A hard RNG is good to find
The recent statistical analysis for drumbeat reminded me I could do with a proper source of random numbers, not generated by a pseudorandom feedback action. Back in the early 1990s I was looking at statistical profiling of execution on microcontrollers, I was surprised then to discover that only by making the sampling period random could I get a true picture of execution distribution. If the address bus was sampled at a fixed rate, say 100kHz, instead of a true picture it would be distorted by activity that was happening at some fraction or harmonic of the sampling frequency. So you would alias out pieces of loops completely or get a bloated count for other areas. Only by true randomness in the sampling timing could you see the reality -- a paradox.
Analogue RNG methodologies
A Google or two around showed that most of the techniques are analogue one way or the other. Many of the methods suffer from a problematic need to amplify some very tiny source of noise, a Zener diode or avalanche transistor junction, by really huge amounts, 90dB or more. There are a couple of suppliers of RF "noise diodes" with flat spectra across a wide frequency range, but they are hard to source.

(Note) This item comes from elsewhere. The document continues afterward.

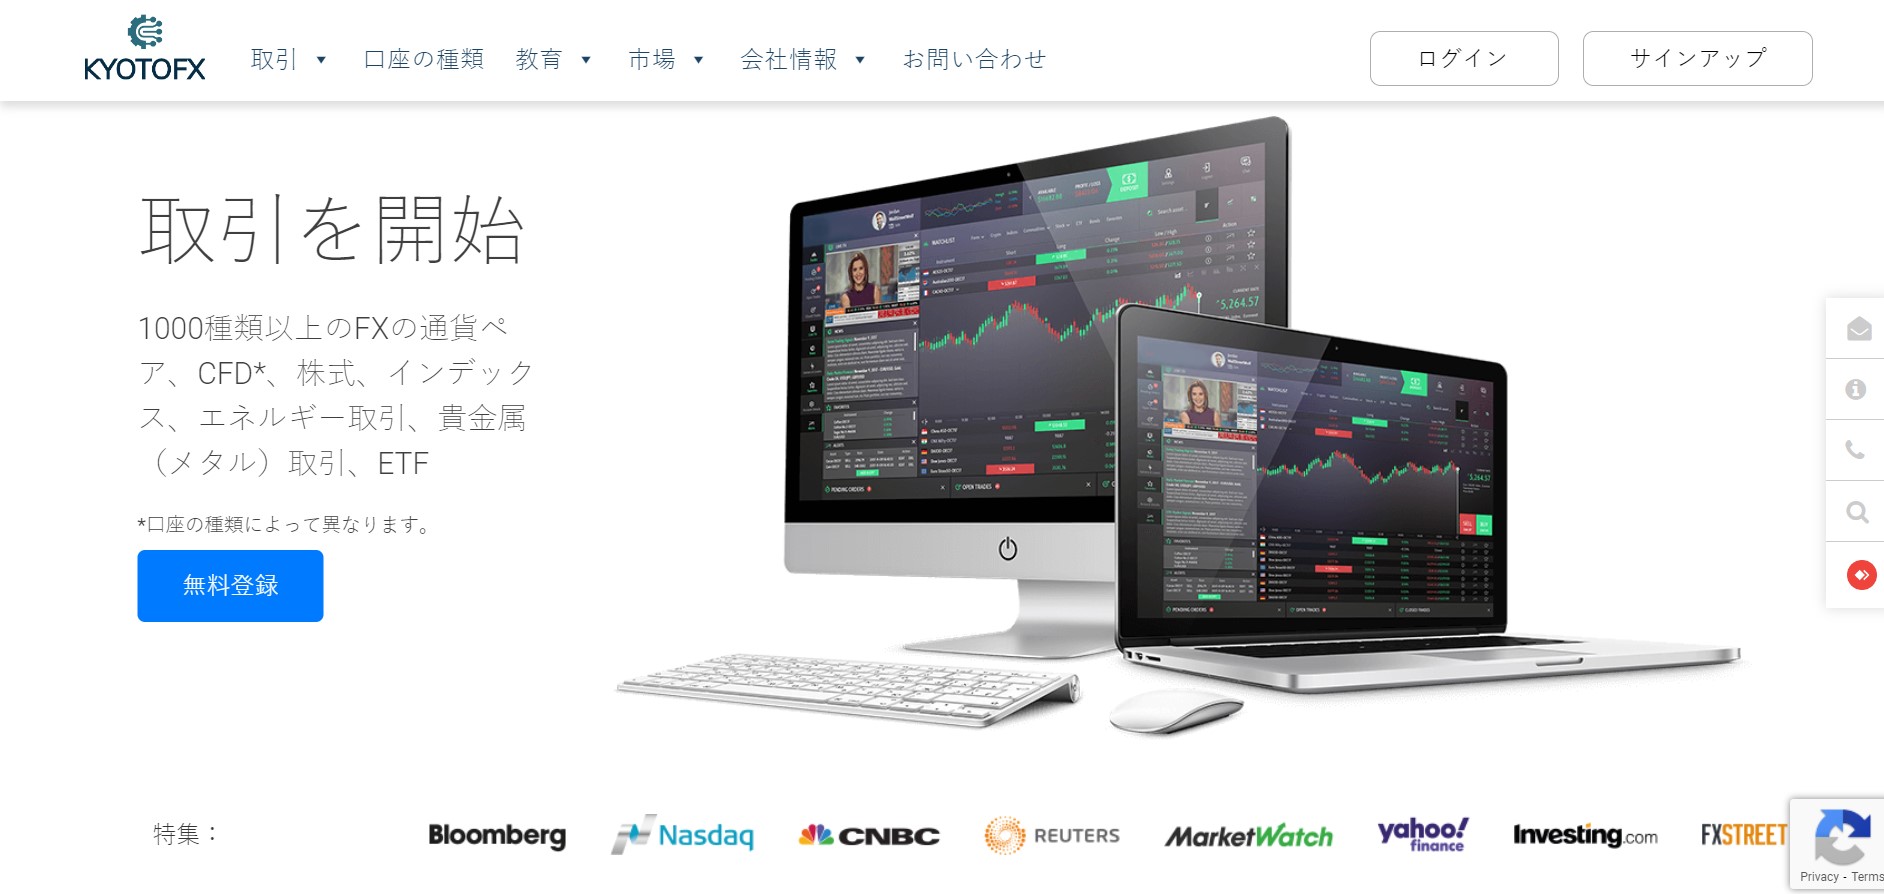 Kyotofx website

Digital non-pseudorandom technique
However there is one technique which while still relying on analogue noise is basically digital -- to run multiple chains of unlocked inverting oscillators and xor the outputs. The unlocked oscillators have no reference at all, they're basically an inverter fed back on its own input -- in fact a chain of inverters. Such a circuit oscillates according to the period of the total delay through the inverter chain... and that is highly sensitive to temperature. Normally with synchronous digital design we choose a clock rate for a circuit that is just below the maximum possible at the worst temperature it is expected to operate at -- and after that we can forget about temperature. But with this asynchronous unlocked oscillator concept, the micro- and macro- temperature dependence is revealed in all its freaky glory, causing the oscillation to drift unpredictably slightly every cycle and over larger period with gross temperature fluctuations.
RFC4086
RFC4086 mentions a recommendation for a RNG based on unlocked inverter chains that is found in IEEE 802.11i.
|\ |\ |\
+-->| >0-->| >0-- 19 total --| >0--+-------+
| |/ |/ |/ | |
| | |
+----------------------------------+ V
+-----+
|\ |\ |\ | | output
+-->| >0-->| >0-- 23 total --| >0--+--->| XOR |------>
| |/ |/ |/ | | |
| | +-----+
+----------------------------------+ ^ ^
| |
|\ |\ |\ | |
+-->| >0-->| >0-- 29 total --| >0--+------+ |
| |/ |/ |/ | |
| | |
+----------------------------------+ |
|
Other randomness, if available ---------+
This has three unlocked, wandering oscillator chains of different lengths being summed at an XOR gate.
Implementing the RFC4086 RNG
Since it needs 71 inverters, you would need 12 74hc04 or similar, it makes more sense to put it all in one CPLD. I have an old XC95108 lying around, so I wrote up the design in VHDL and added a UART interface to issue the sampled random data. This brings up the issue of how quickly it can be sampled and still get high quality randomness... clearly if we sampled it at 10ps it wouldn't be very random at all, since it didn't have time to change between samples. On the other hand if we sampled it at some high multiple of the fastest free-running oscillator period, then there is a lot of opportunity for each oscillator phase to have been affected over the longer time. By using the UART we can control how often we sample the RNG by the baud rate... I initially set it to 9600 baud or 104us/sample. The oscillators should have periods on the order of 150 - 200ns (5 - 6MHz), so this is allowing 500+ cycles of jitter to accumulate in each oscillator before the summed sample is taken.
I'm currently waiting for a programming tool to be delivered so I can program another device to allow programming the XC95108 -- I no longer have any PCs with a printer port I realized yesterday. I am very interested to see what the performance and quality of the randomness is like!